EXERCISE DETAILS: Look at each line of the listing. Copy those that hold the string "were".

SUPPLIED RECORDS:
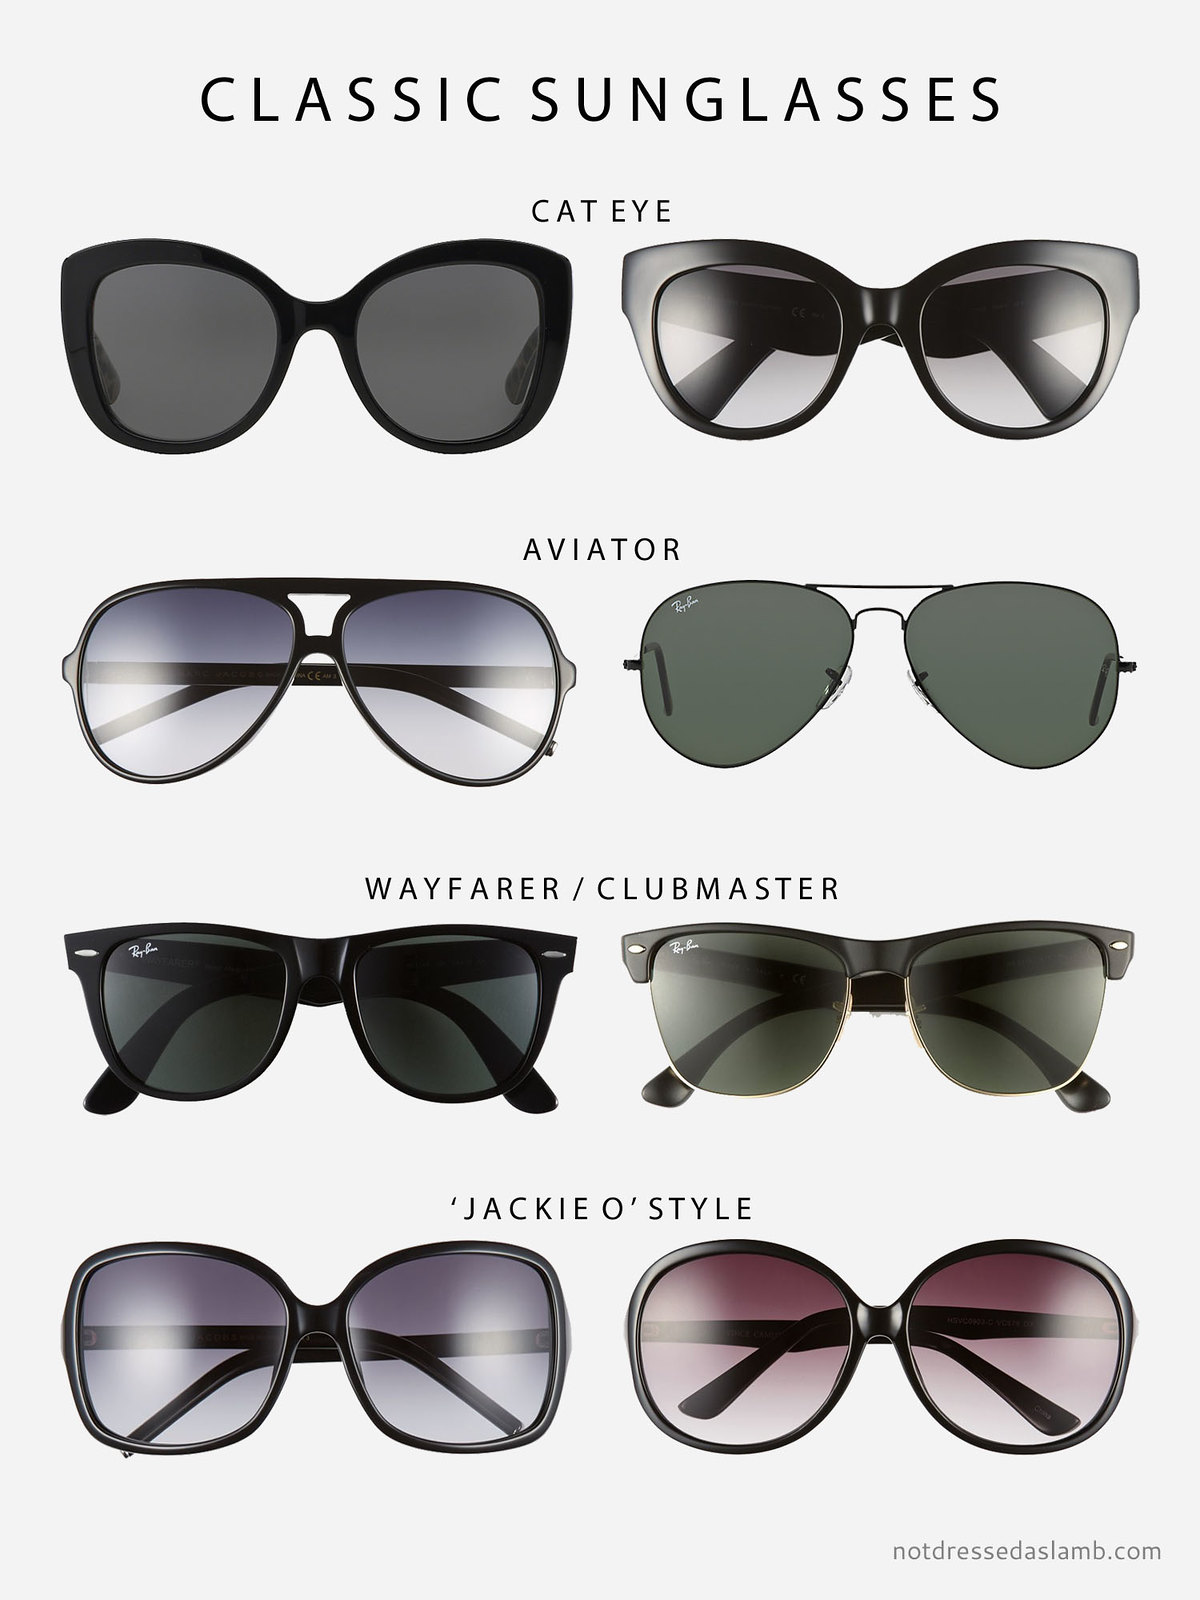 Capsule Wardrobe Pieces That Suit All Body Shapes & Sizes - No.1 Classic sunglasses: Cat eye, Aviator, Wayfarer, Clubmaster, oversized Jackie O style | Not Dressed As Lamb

---

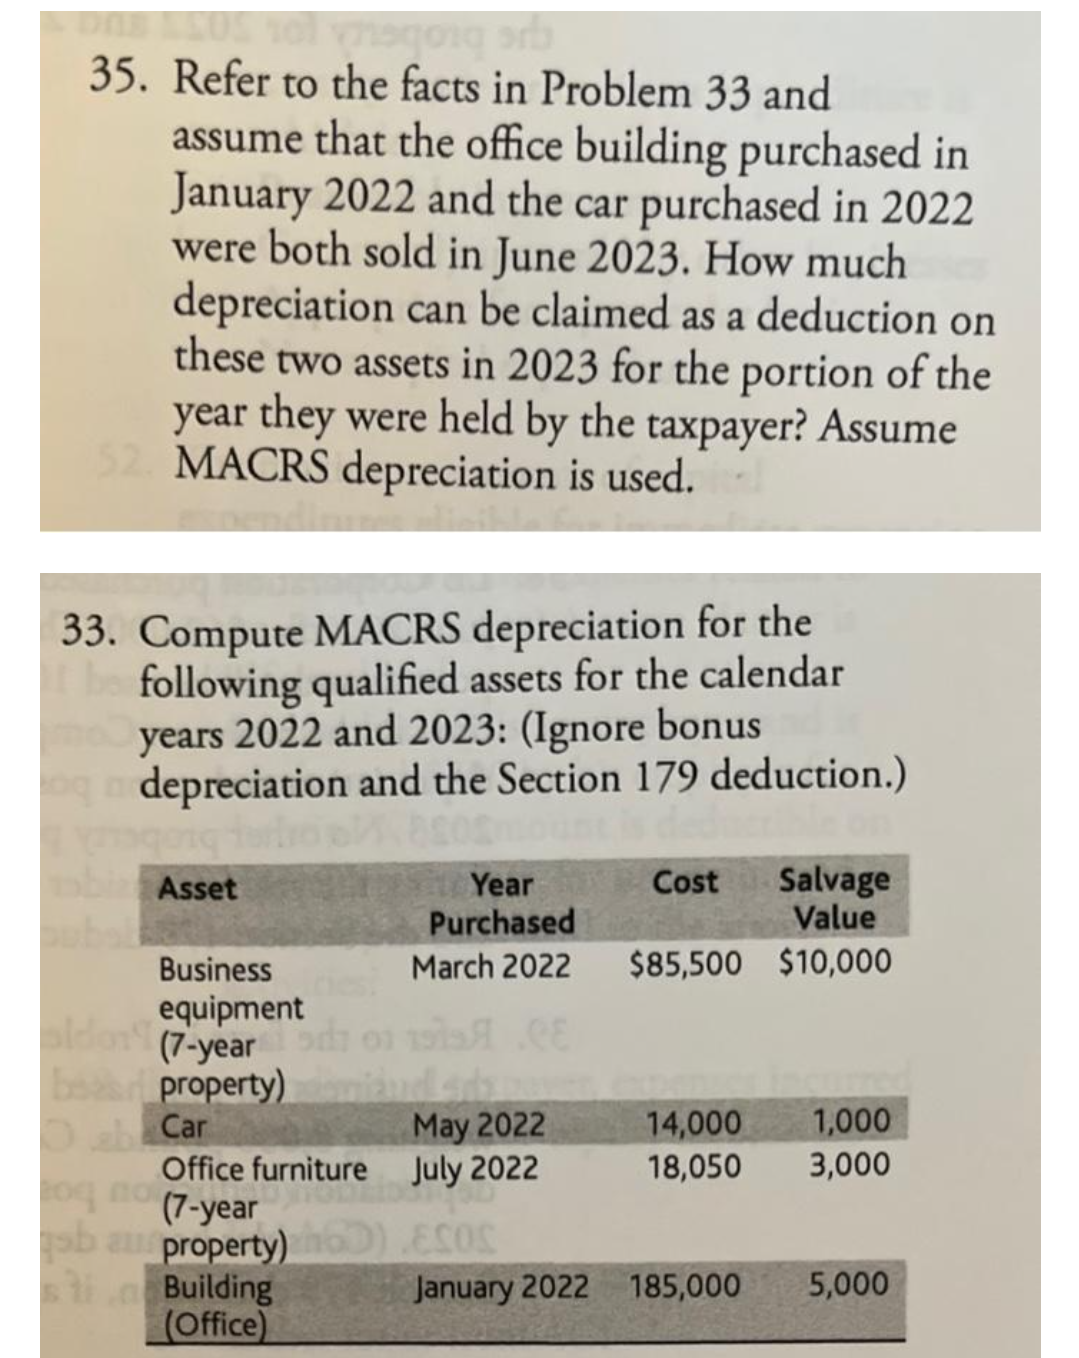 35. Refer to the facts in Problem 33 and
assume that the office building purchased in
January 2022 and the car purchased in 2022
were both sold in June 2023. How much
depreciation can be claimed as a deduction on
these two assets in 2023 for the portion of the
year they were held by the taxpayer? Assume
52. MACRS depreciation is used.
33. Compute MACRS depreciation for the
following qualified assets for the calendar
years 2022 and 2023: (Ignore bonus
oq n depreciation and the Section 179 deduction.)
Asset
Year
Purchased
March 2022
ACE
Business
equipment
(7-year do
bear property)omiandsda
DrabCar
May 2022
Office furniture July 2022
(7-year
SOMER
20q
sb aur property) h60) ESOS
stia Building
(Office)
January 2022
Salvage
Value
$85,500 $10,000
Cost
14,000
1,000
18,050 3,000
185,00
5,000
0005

TASK ANSWER:
were both sold in June 2023. How much
year they were held by the taxpayer? Assume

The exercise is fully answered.